- **TO DO**: The copy should hold exactly the lines below from the one that contains "Quobus 1,3,6 two-colored" through the one that contains "AI generated an" and nothing else, so no pictures.

====== DATA

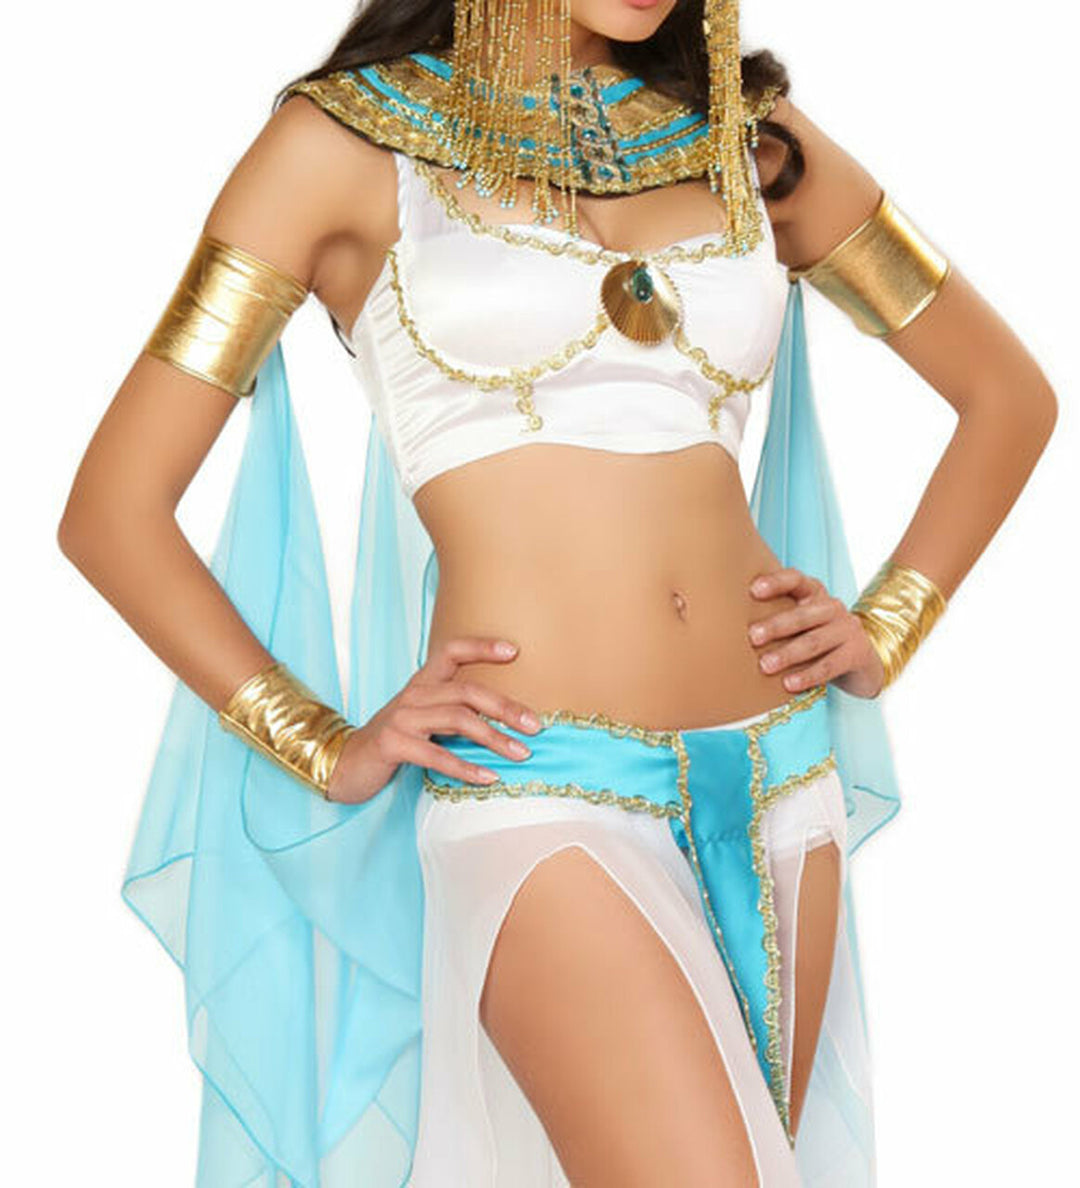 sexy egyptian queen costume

============
====== DATA

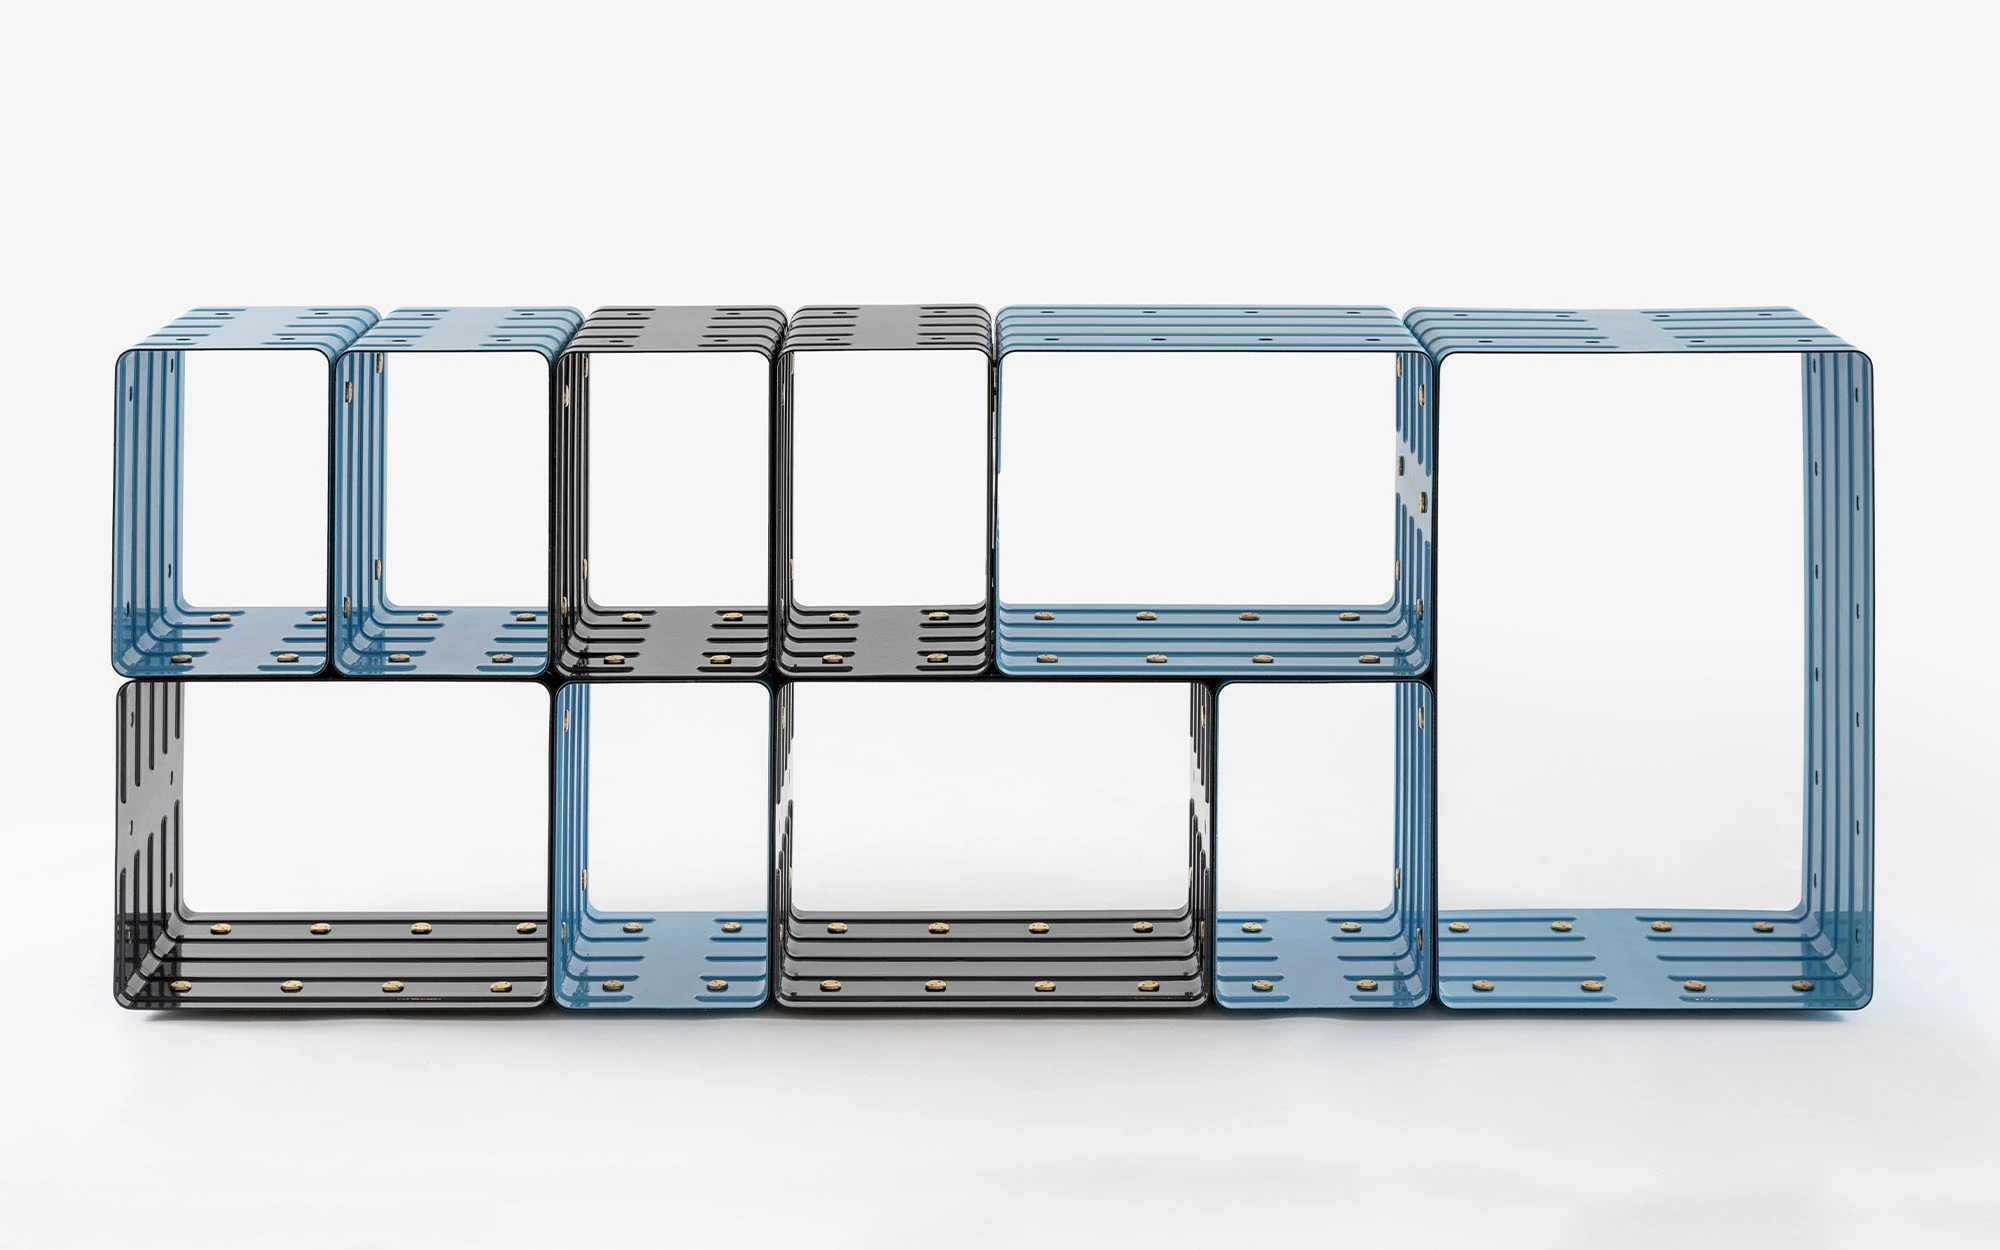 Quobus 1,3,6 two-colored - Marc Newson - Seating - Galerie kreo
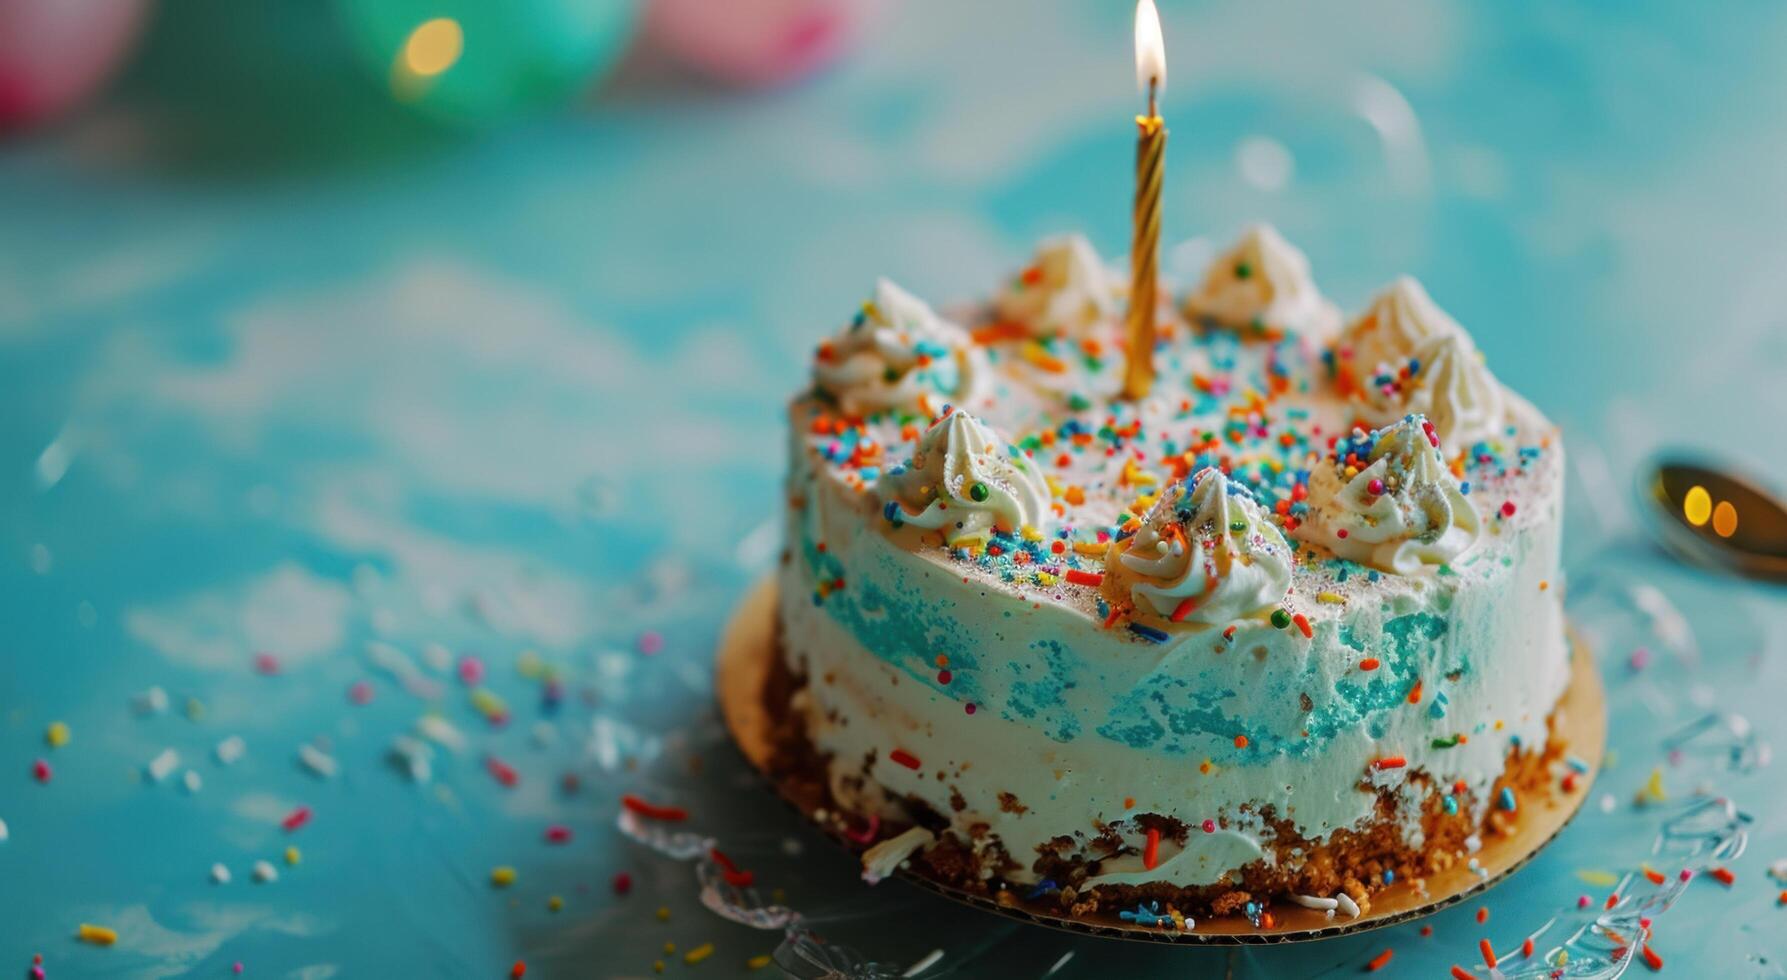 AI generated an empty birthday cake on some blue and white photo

============
====== DATA

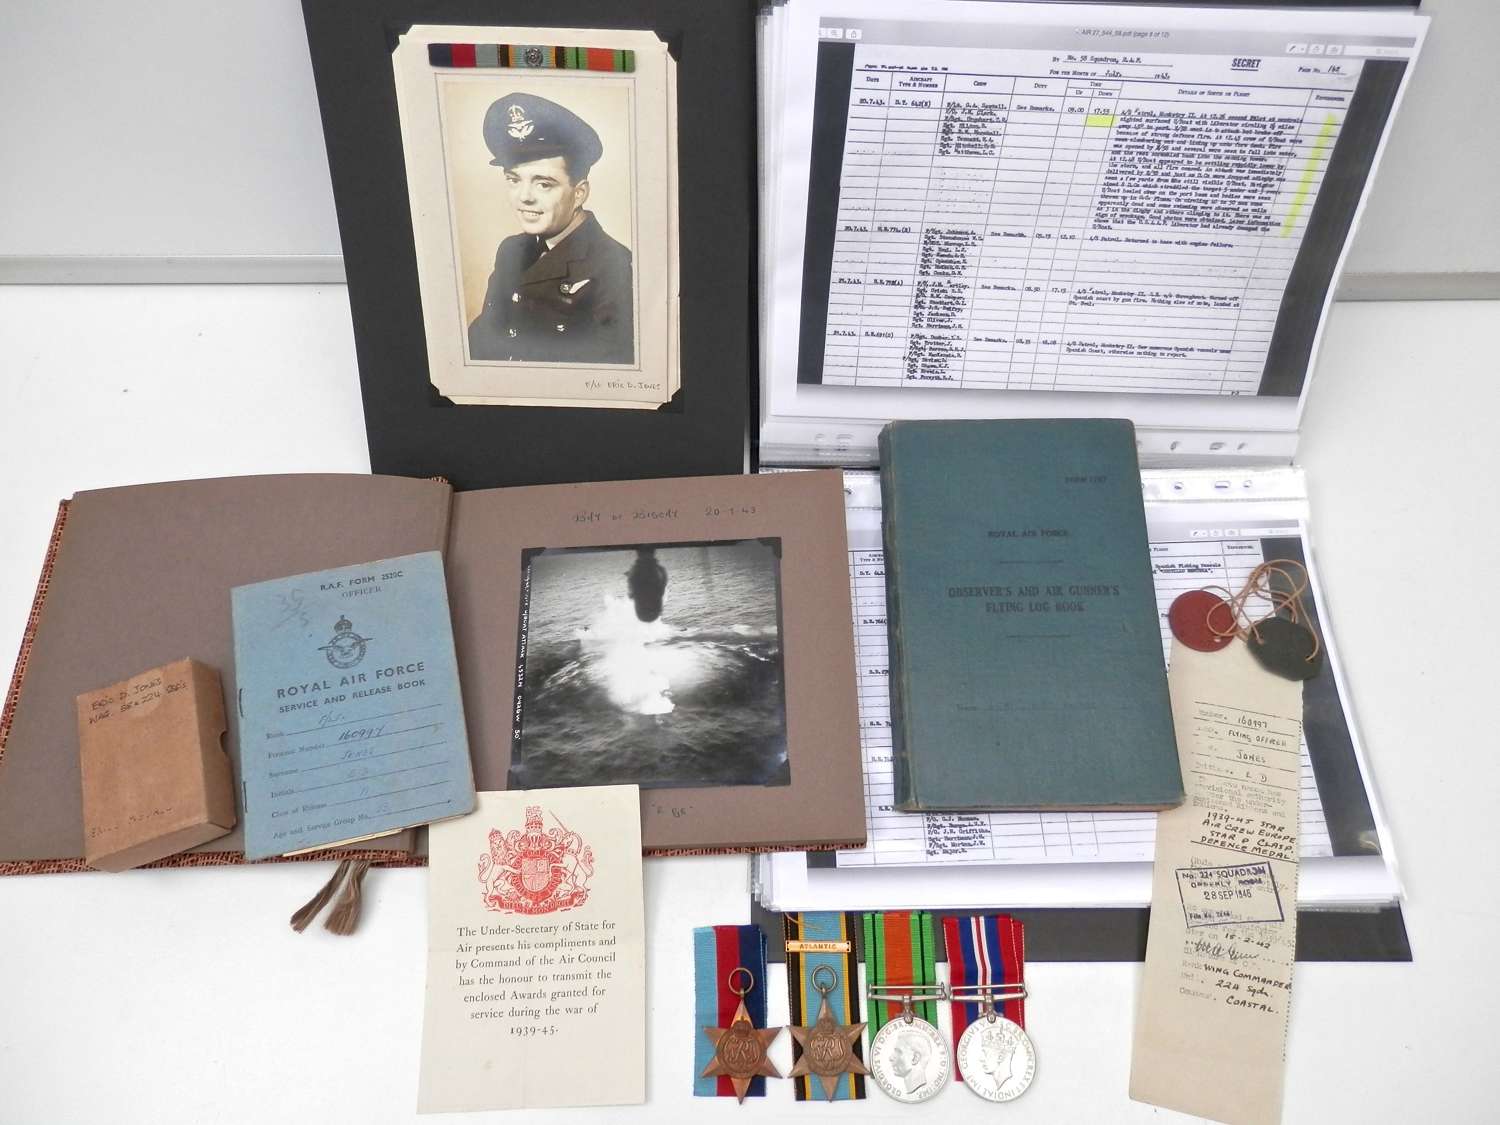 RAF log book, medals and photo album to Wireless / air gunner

============

- **RESPONSE TO THE EXERCISE**:
 Quobus 1,3,6 two-colored - Marc Newson - Seating - Galerie kreo
 AI generated an empty birthday cake on some blue and white photo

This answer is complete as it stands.